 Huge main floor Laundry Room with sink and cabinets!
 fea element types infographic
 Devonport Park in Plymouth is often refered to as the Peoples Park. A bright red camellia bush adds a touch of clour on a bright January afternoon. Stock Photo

####

Work required: Retype the listing exactly. Leave nothing out.

Your response:
 Huge main floor Laundry Room with sink and cabinets!
 fea element types infographic
 Devonport Park in Plymouth is often refered to as the Peoples Park. A bright red camellia bush adds a touch of clour on a bright January afternoon. Stock Photo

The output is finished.